Coverage of CROI 2008 (Conference on Retroviruses and Opportunistic Infections)

February 4–6, 2008, Boston, MA

 

Assessment of HIV vaccine research discouraging

February 5, 2008

Noted HIV vaccine researcher Ron Desrosier of the New England Primate Center at Harvard Medical School delivered a sobering assessment of the state of vaccine research on the second day of CROI. While nothing presented was new, the conclusions he drew were perhaps the most discouraging assessment yet of the recent failure of the Merck/NIAID T cell vaccine.

His presentation is likely to have a powerful impact in coming months as researchers and funders decide whether to proceed with more studies of this type of vaccine. Before the failure of this vaccine was announced, plans were underway to launch a larger study of slightly different version of a T cell vaccine. Now, those plans are at best uncertain.

Desrosier began by asking the question: “Is an effective HIV vaccine feasible?” Before answering, he listed several reasons why making an HIV vaccine is such a difficult scientific challenge.

1. The natural immune response against HIV fails to rid the body of the disease. At the heart of the concept of vaccines is that they’re supposed to trigger, in advance, the normal immune reaction the body makes against an infection. With HIV, there is no successful immune reaction, at least not one sufficient to rid the virus.
2. The natural immune response against HIV does not fully protect against superinfection, or a second infection with HIV. There are now many documented cases of superinfection.
3. HIV “spits out” escape variants. In other words, it constantly makes mutated HIV which isn’t controlled by the immune response against the original virus that started the infection.
4. HIV makes products that help it evade immune response.
5. HIV destroys the very helper cell activity that would normally help the body rid itself of the virus.
6. Finally, HIV creates an incredible number of variations. To explain how big a factor this is, Desrosier pointed out that HIV produces more variations in a single person than the influenza virus creates worldwide.
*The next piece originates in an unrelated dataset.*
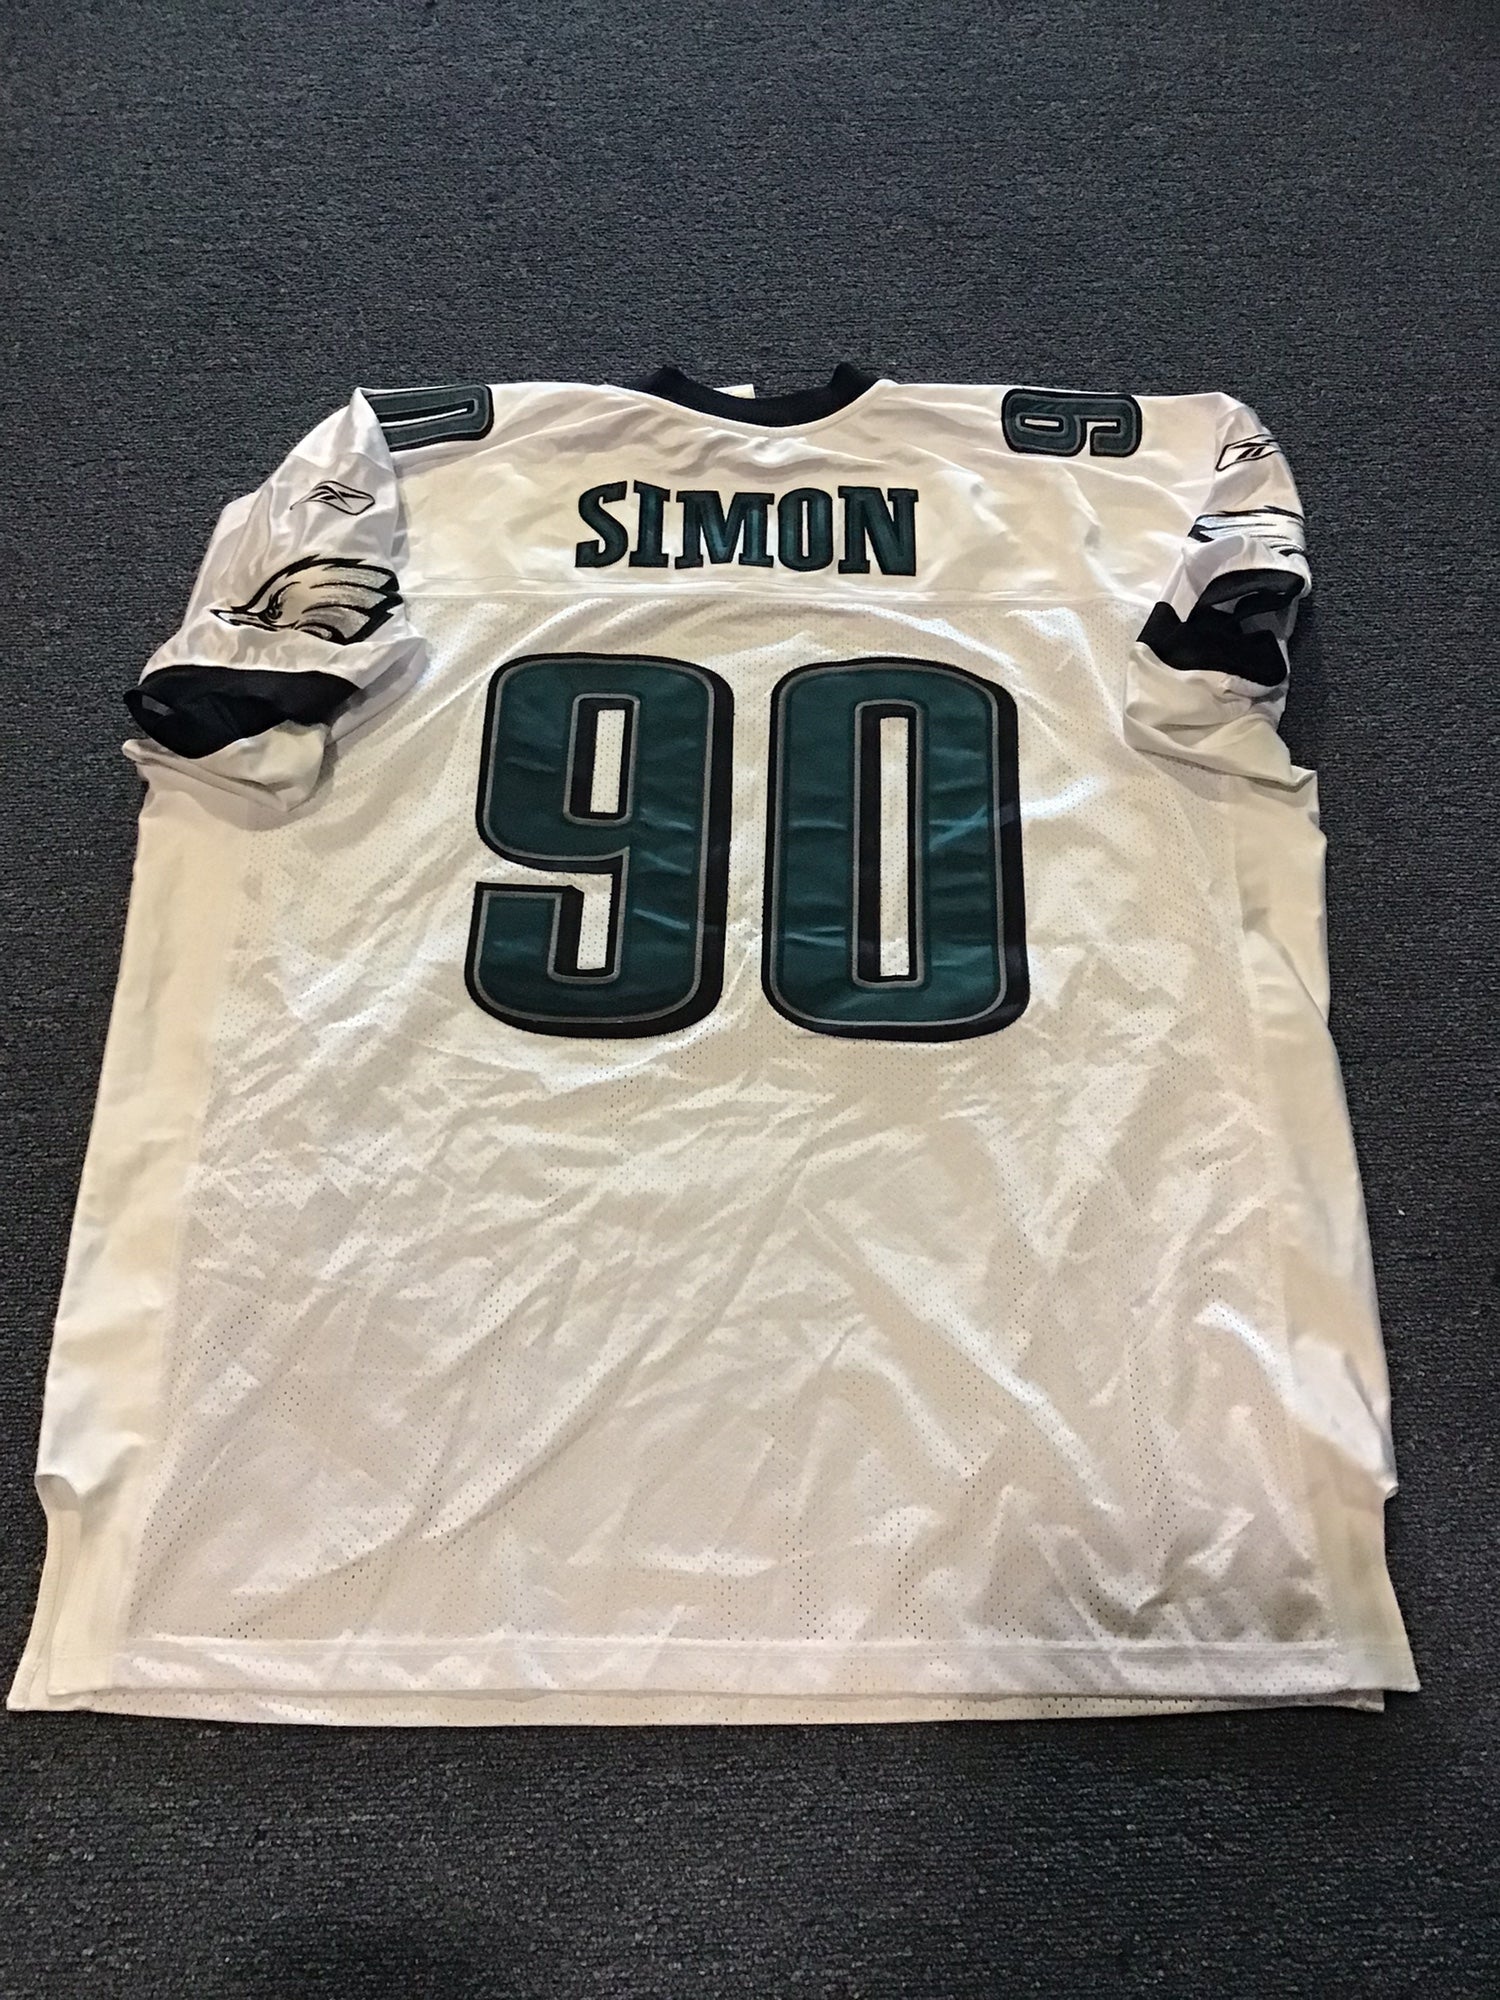 NWOT Philadelphia Eagles Men's 56 Reebok Jersey #90 Simon

After discussing this list, he returned to the question: Is an HIV vaccine currently feasible? The answer, he proclaimed, is “No”.
Next he asked whether we should be surprised that the Merck/NIAID vaccine failed. He reviewed some history of the vaccine and responses seen in animal studies and concluded that the answer again was “No”. He argued that there was no reason to expect it to work.
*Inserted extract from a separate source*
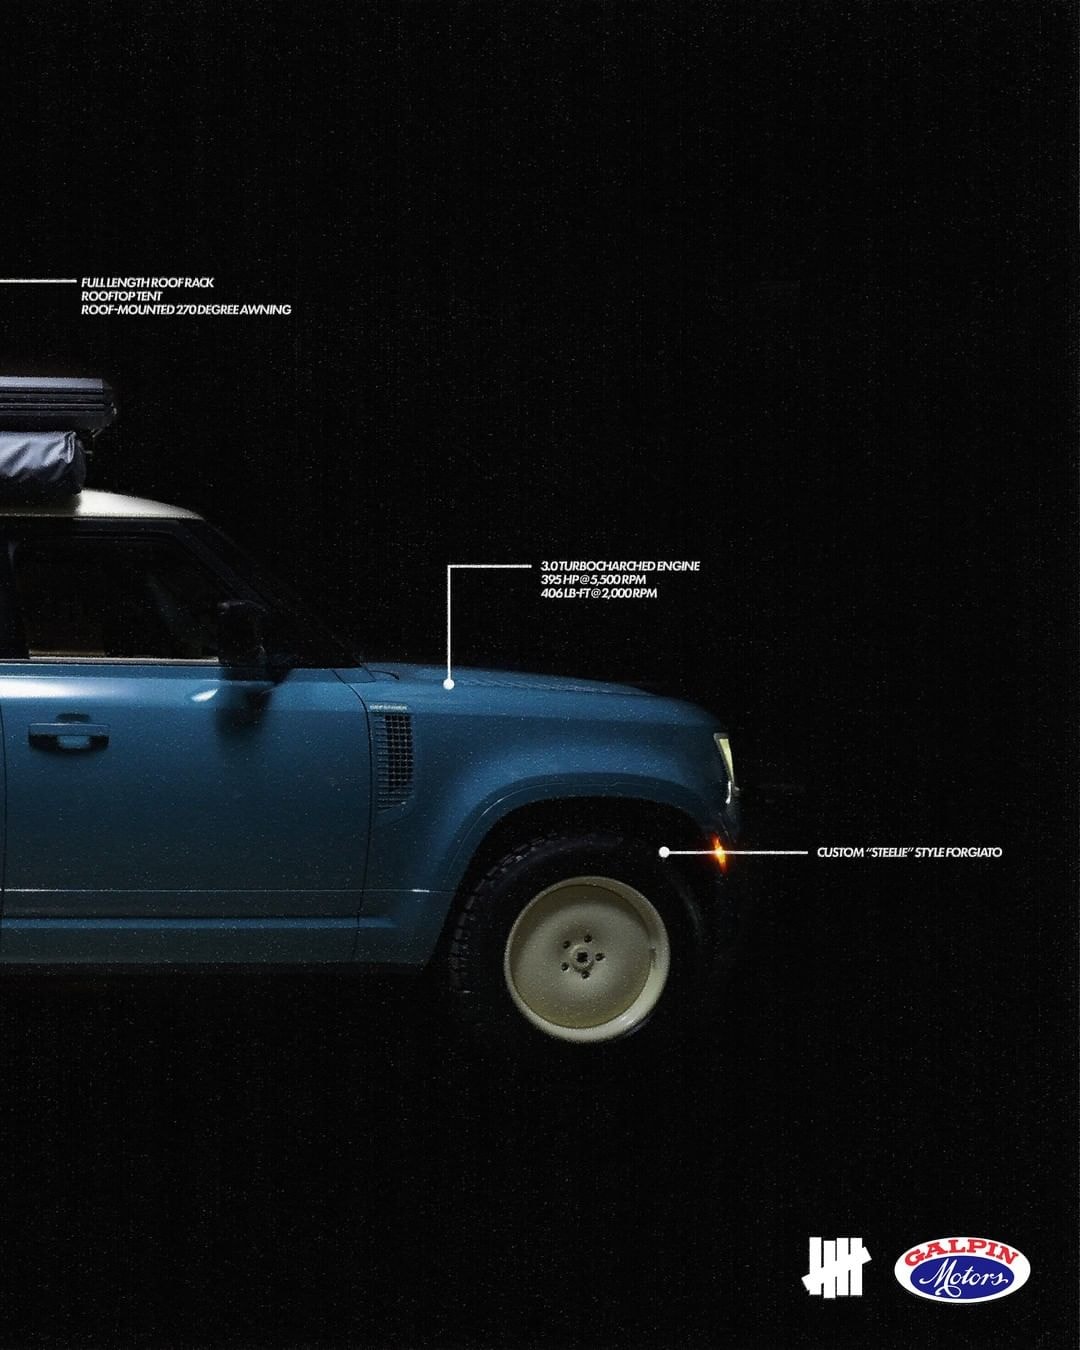 UNDEFEATED 攜手 Galpin Motors 打造 Land Rover Defender 定製車款

Next he asked whether any of the current vaccine candidates had a chance to show efficacy. He quickly answered “No”. He extended the question by asking whether there was anything to be learned by testing these vaccines in people, and the answer he gave again was “No”. The implication of his answers to these questions was that no further clinical vaccine studies should be run until there’s a reason to believe that they will work. This was critical because it was his way of saying that the next large planned vaccine study, called PATH, scheduled to begin this year, should be stopped.

Fortunately, he also had some ideas how to proceed. His solution is redirect vaccine spending to a new round of discovery or basic research on how to elicit potent neutralizing antibodies, what constitutes a true protective response, and how to develop novel vaccine and prevention efforts. These suggestions, however, were sadly short on detail. Few would dispute that these questions are important, but people have been asking them for decades with little success.

Not everyone shares Desrosier’s bleak assessment. We spoke with the Director of NIAID, Anthony Fauci, representatives from Merck, and other vaccine researchers. While all agreed that new strategies were needed, they didn’t agree with some of Desrosier’s claims. For example, some felt he was misleading when he suggested that there were no data to support the Merck/NIAID vaccine. Instead, they say that the animal data were the best and most comprehensive yet seen for an HIV vaccine and that Desrosier himself had encouraged Merck to partner with NIAID to conduct human studies. Others argued that it was unfair to suggest that NIAID was to blame or had “lost its way on HIV vaccine research” as Desrosier asserted. They claimed that NIAID can only fund the proposals that scientists submit. It doesn’t write the proposals or design the studies.

The one sure conclusion from the events of recent months is that current vaccine designs seem to have hit a dead end. New approaches are clearly needed. It will likely be more effective for people to pull together than to blame each other for the past failures.